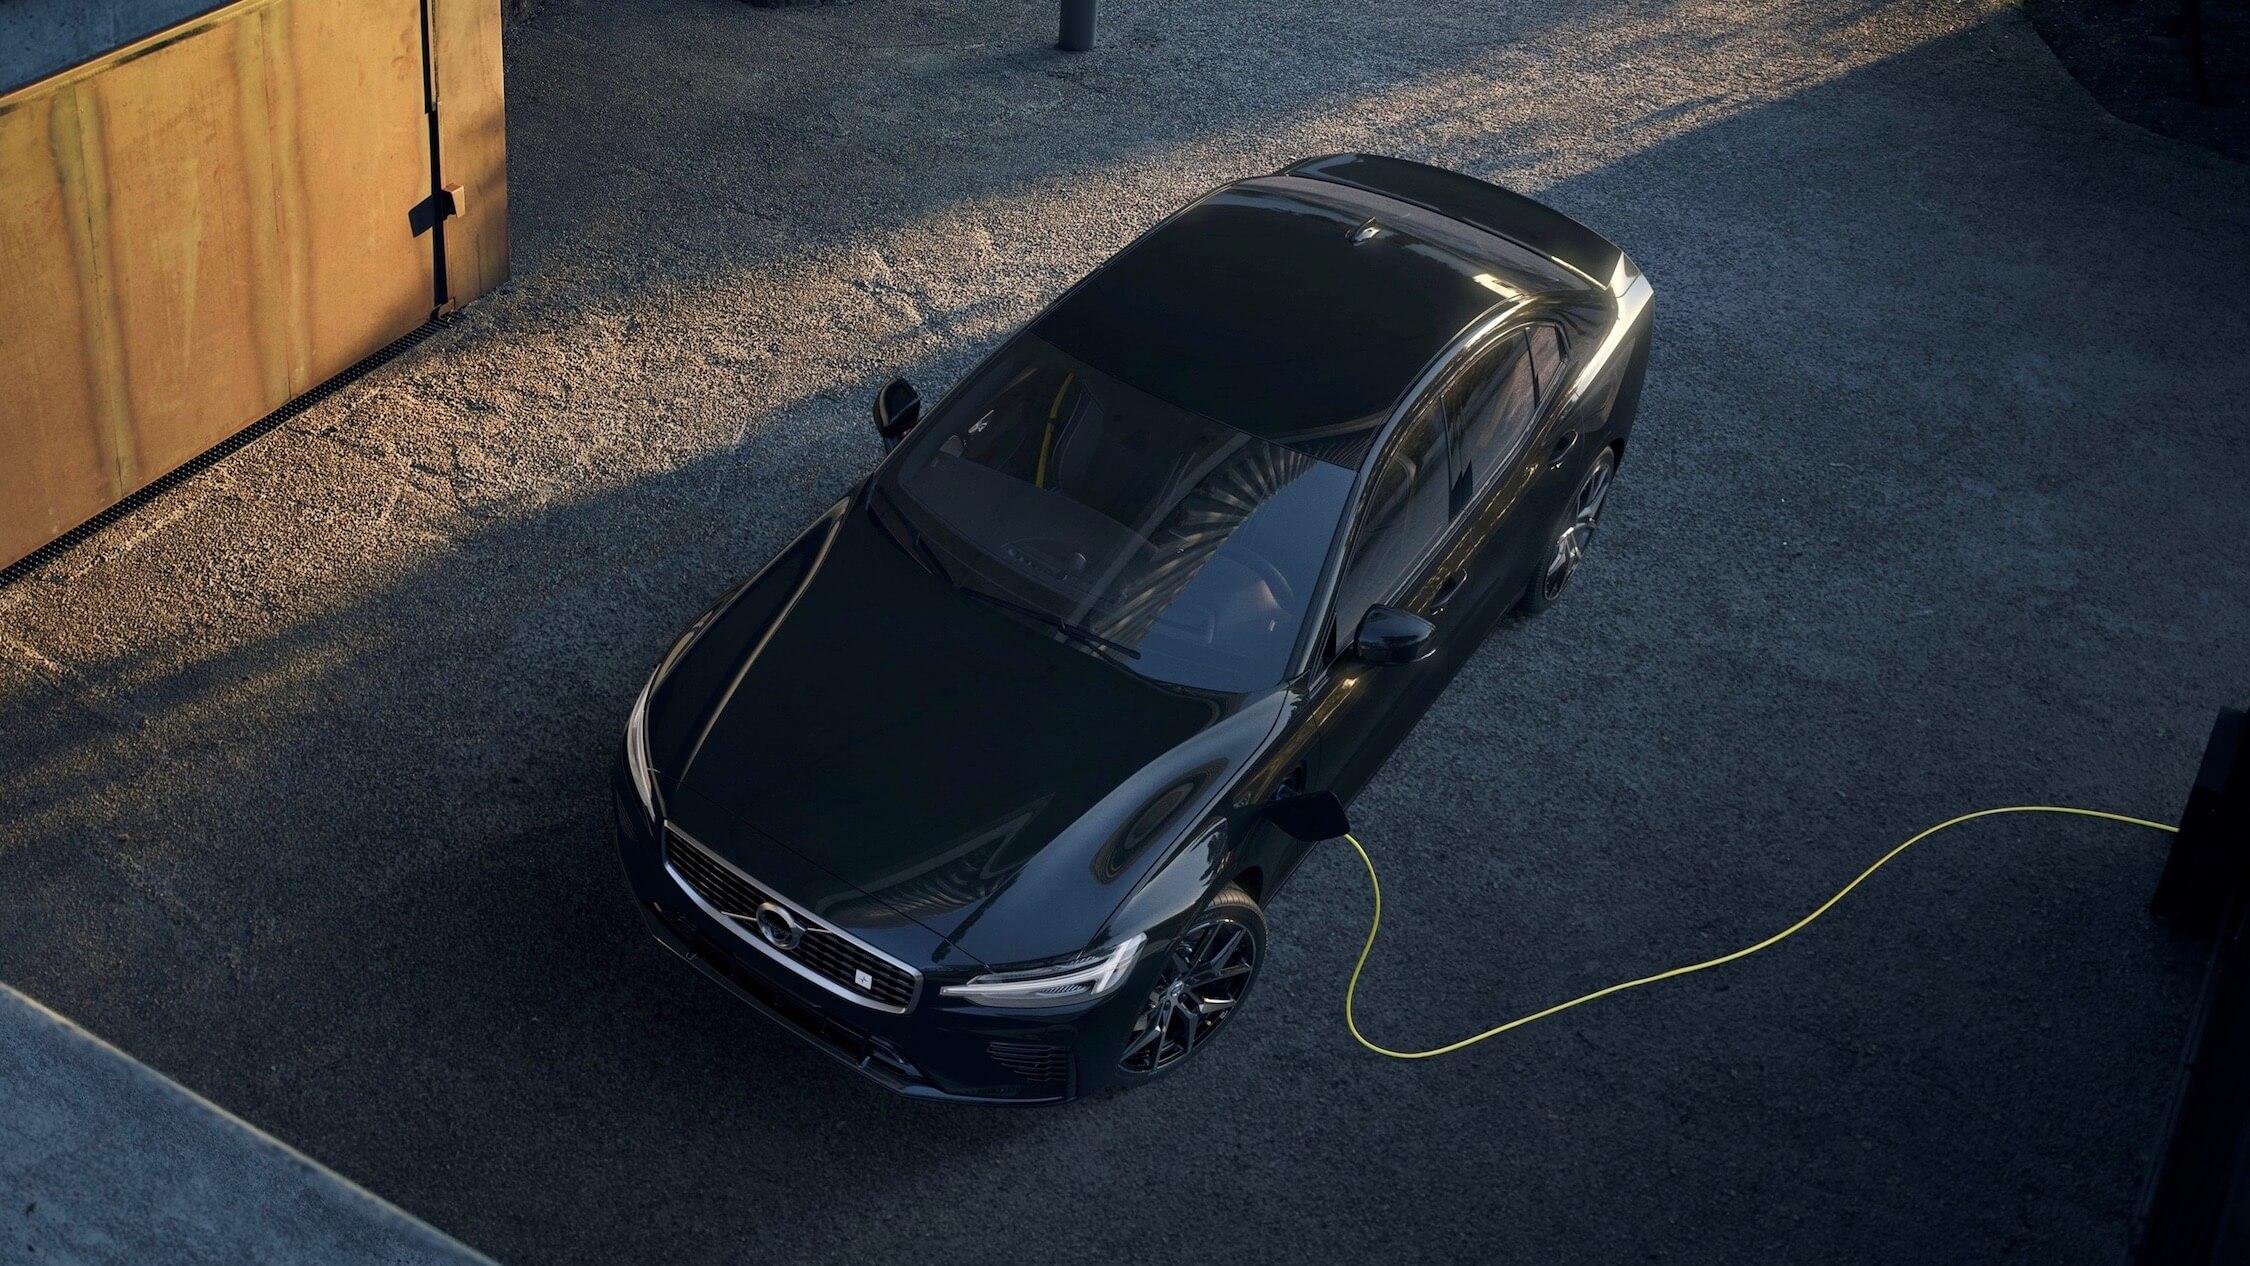 Carregar o Volvo S60 híbrido
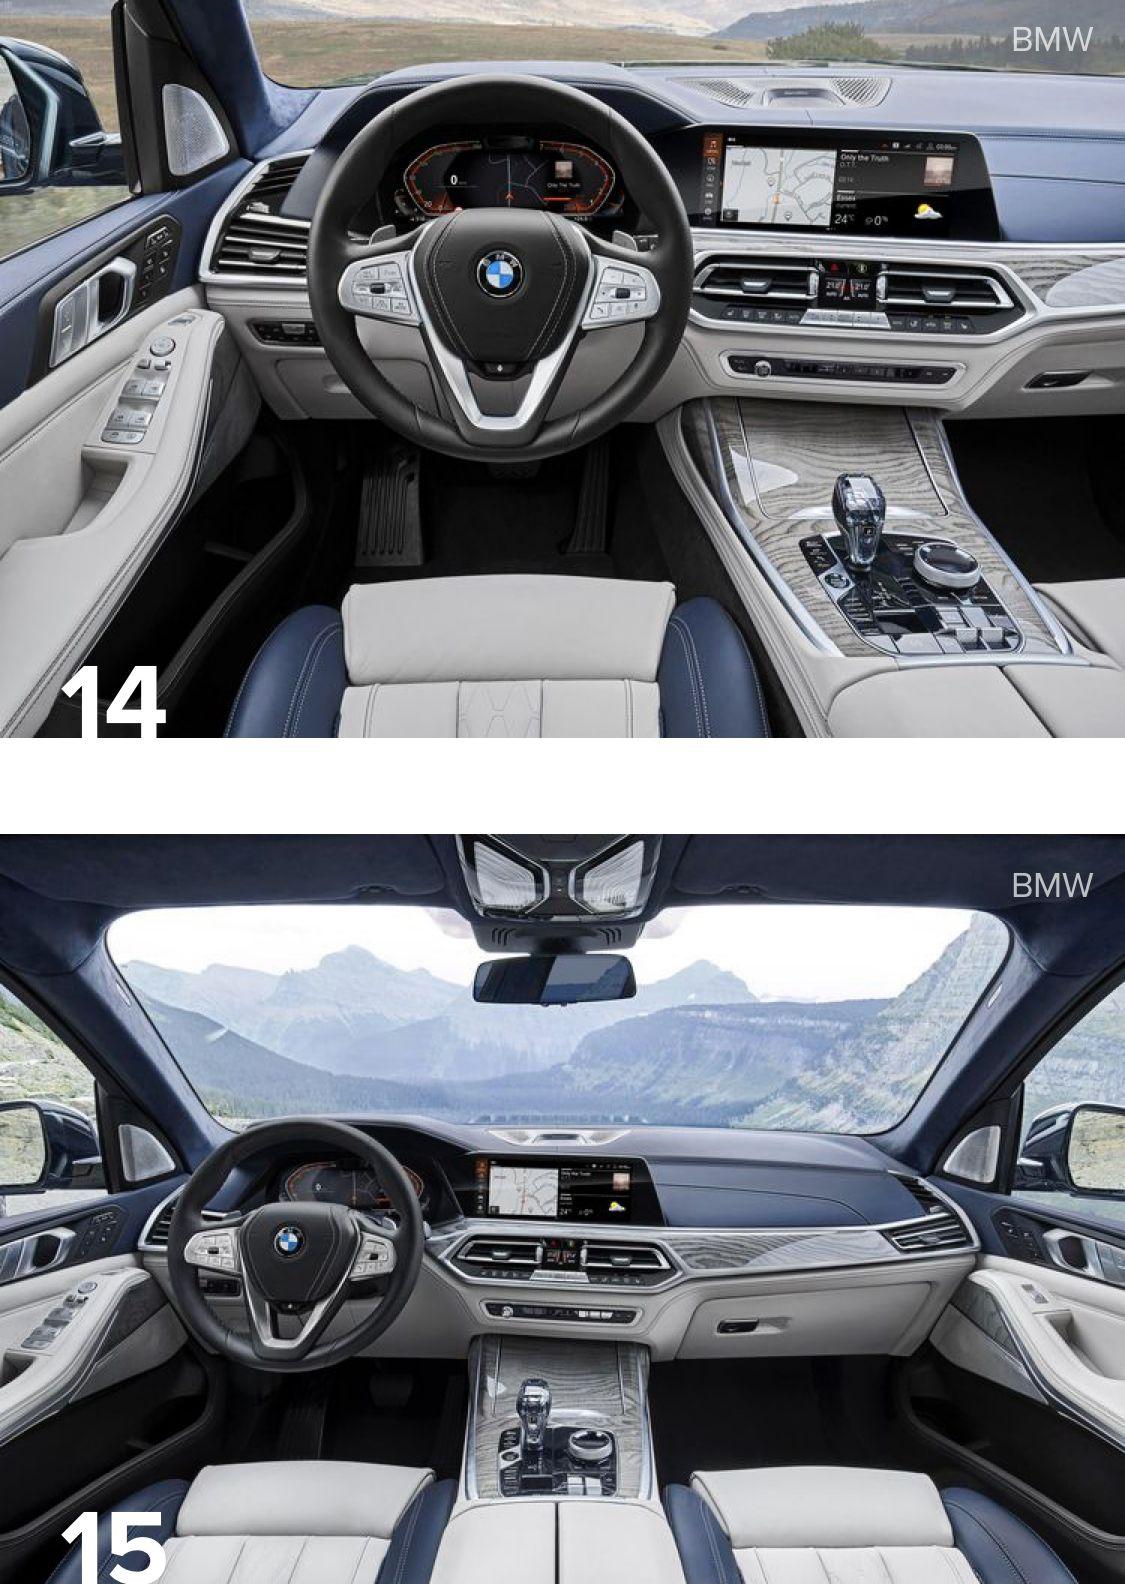 2019 Bmw X7 Xdrive40i Xdrive50i Riding In Opulence Bmw
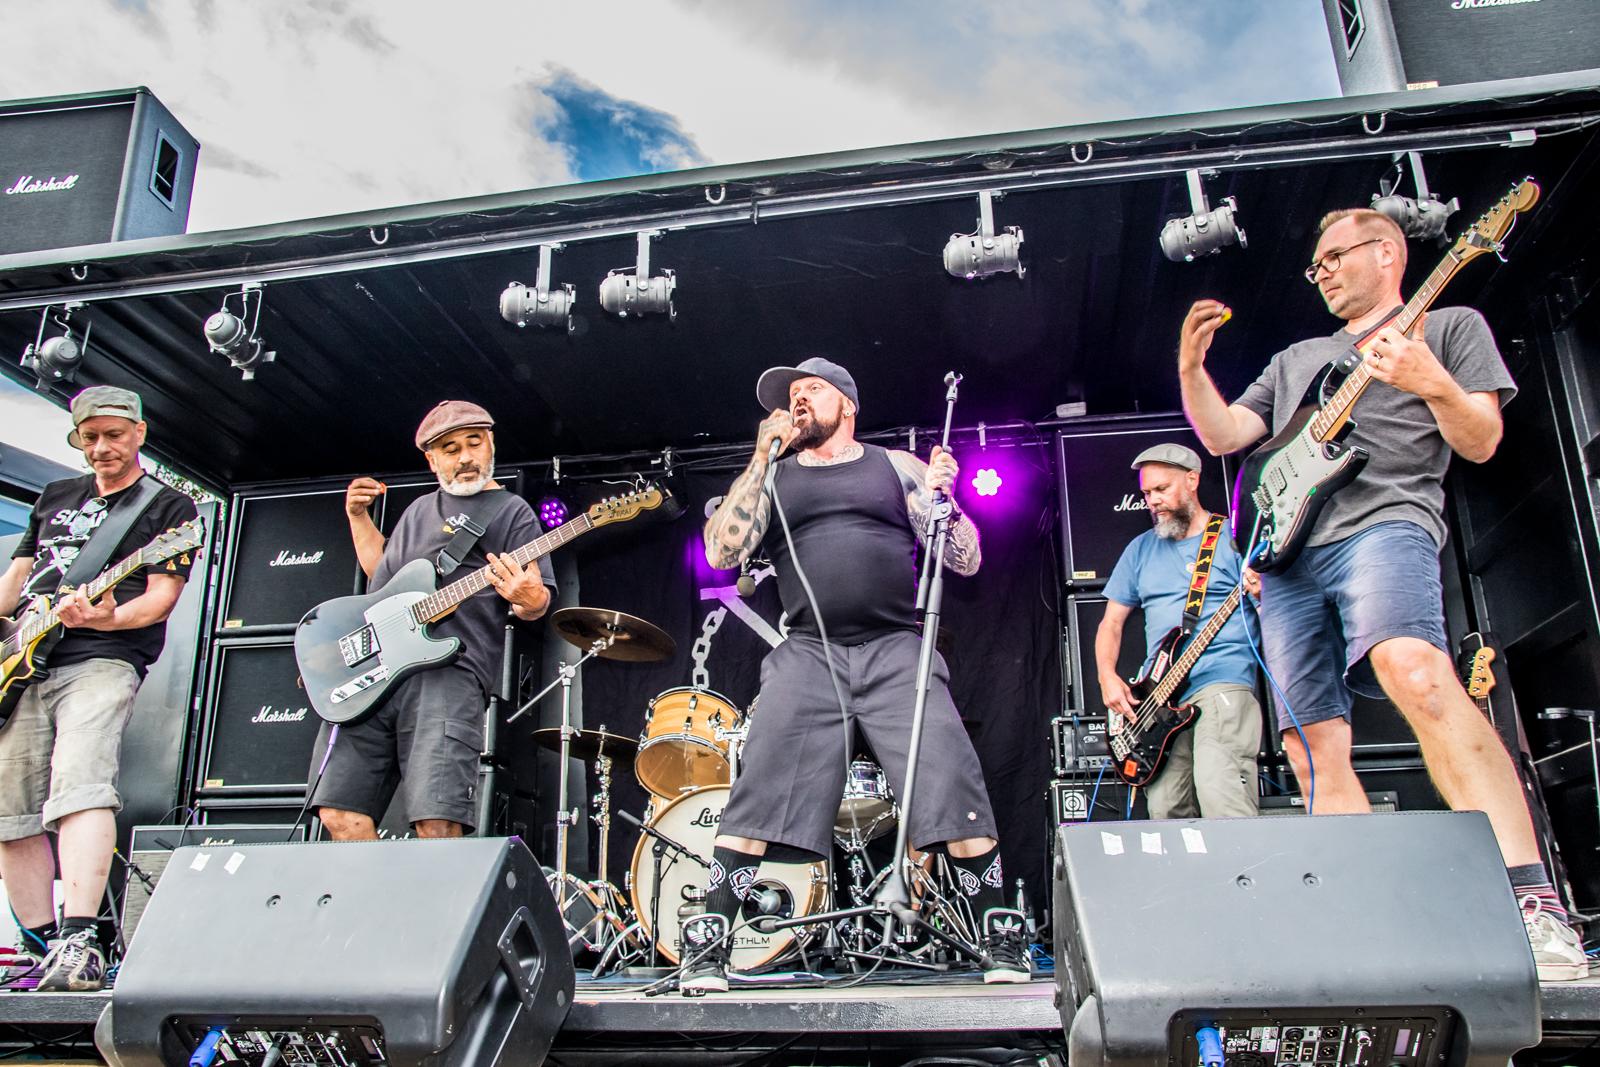 Reunion 2016: Bowlstock
+---+
* [Instructions to follow]: Exactly as written above, print every line of the data but not its pictures.

* [Written answer]:
 Carregar o Volvo S60 híbrido
 2019 Bmw X7 Xdrive40i Xdrive50i Riding In Opulence Bmw
 Reunion 2016: Bowlstock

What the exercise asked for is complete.